Hi! I've had four Lohmann Browns for two years, they have a garden shed with a window in it as their base and they can free range around the once garden, now desolate back yard...
Today, I was given three youngish chickens, two of one type and one pale orangey one. How can I introduce them and how long will it take for them to get used to each other? I put the new ones in the back room that doesn't have much in it right now, to settle a bit then left the back door open so they could see each other. Then I left the door wide open and the old chickens are making noise and the new ones were in a corner of the room. Right now, two old ones are shut in the back room with the new ones.
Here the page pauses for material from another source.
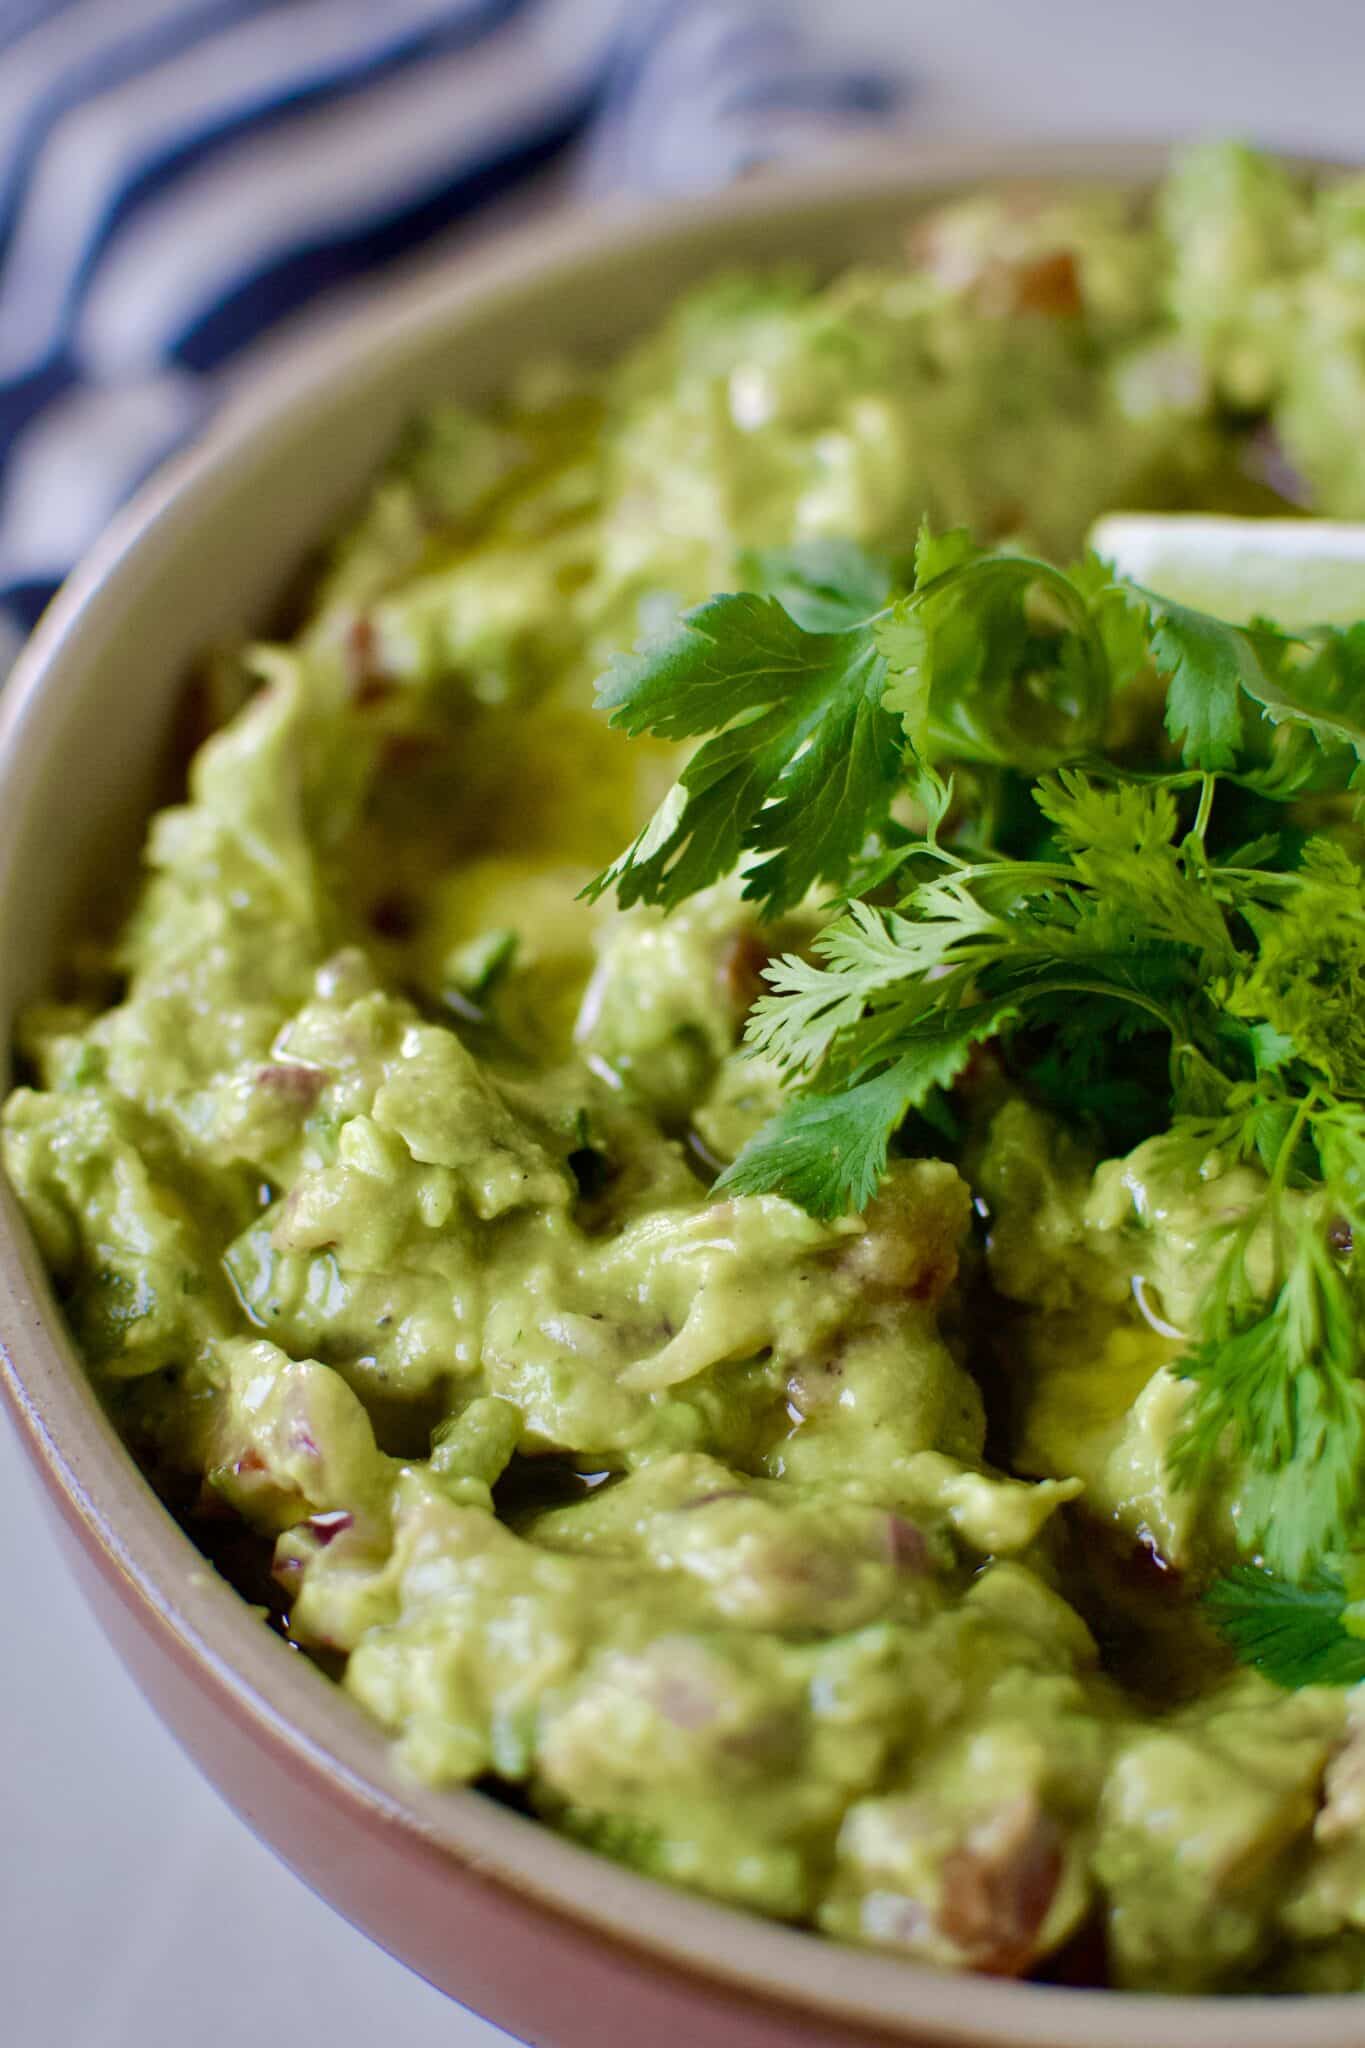 Mexican Guacamole Recipe in a bowl topped with baby cilantro sprigs and olive oil.

Any advice appreciated.


----------



## imnukensc (Dec 5, 2020)

Put them all out in the yard to free range. Let them sort it out. As long as there is no great blood loss things will work out.


----------



## soosywoosy (Oct 15, 2021)

They new young ones look like they could be Orpingtons, two black (one larger than the other) and a buff. I'm a bit concerned about the buff, I've read they are a meek type of chicken. Would it be dangerous in anyway if I separated her and made her more of a pet?


----------



## robin416 (Sep 8, 2013)

Chickens are very dependent on being with their own kind. Separating her from the other two would be hard on her. 

If things are more violent than you can handle what can you do to separate them outside so they can get to know each other?


----------



## soosywoosy (Oct 15, 2021)

Things quietened down a bit, and now it's dark. I had left them all outside earlier for a couple of hours and when I went out to see how things were going in the shed, only the usual four were there and I found the new three huddled in a corner. I picked them up and put them in some bedding in the shed. I hope nothing happens before I open it up in the morning. I'll have to keep my fingers crossed and see how they are when I get back from work tomorrow. Assuming they are Orpingtons, do they normally make a peeping sort of sound? I've added a picture of when they were in the back room.


----------



## robin416 (Sep 8, 2013)

Sweet little babies. 

Things should improve a little more everyday. As the babies learn where their new sleeping place is you won't have to keep putting them up.


----------



## soosywoosy (Oct 15, 2021)

The little noise they make is so endearing and the orangey one is adorable. I'll have to get up at seven to make sure I open the door before they all wake up, at least the new ones can run off somewhere round the garden.


----------



## soosywoosy (Oct 15, 2021)

On the third night they took themselves off to the shed


----------



## robin416 (Sep 8, 2013)

That didn't take long at all. Usually you'd be putting them up at least a week. 

How are they getting on with the originals?


----------



## soosywoosy (Oct 15, 2021)

They keep apart, if they get too close, the originals get defensive. This evening I noticed that the new ones went into the shed first. Whether they've learned if they want the shelter that's what they ought to do or that breed gets the internal message to go sooner I don't know. It turns out on further investigation that they might be Wyandottes and the black ones might be roosters, which is bad news. When do they start mating? I don't want fertilised eggs.


----------



## robin416 (Sep 8, 2013)

Unless you're squeamish about eating fertilized eggs they won't hatch unless one of the girls goes broody. And that only works if you leave the eggs with her. 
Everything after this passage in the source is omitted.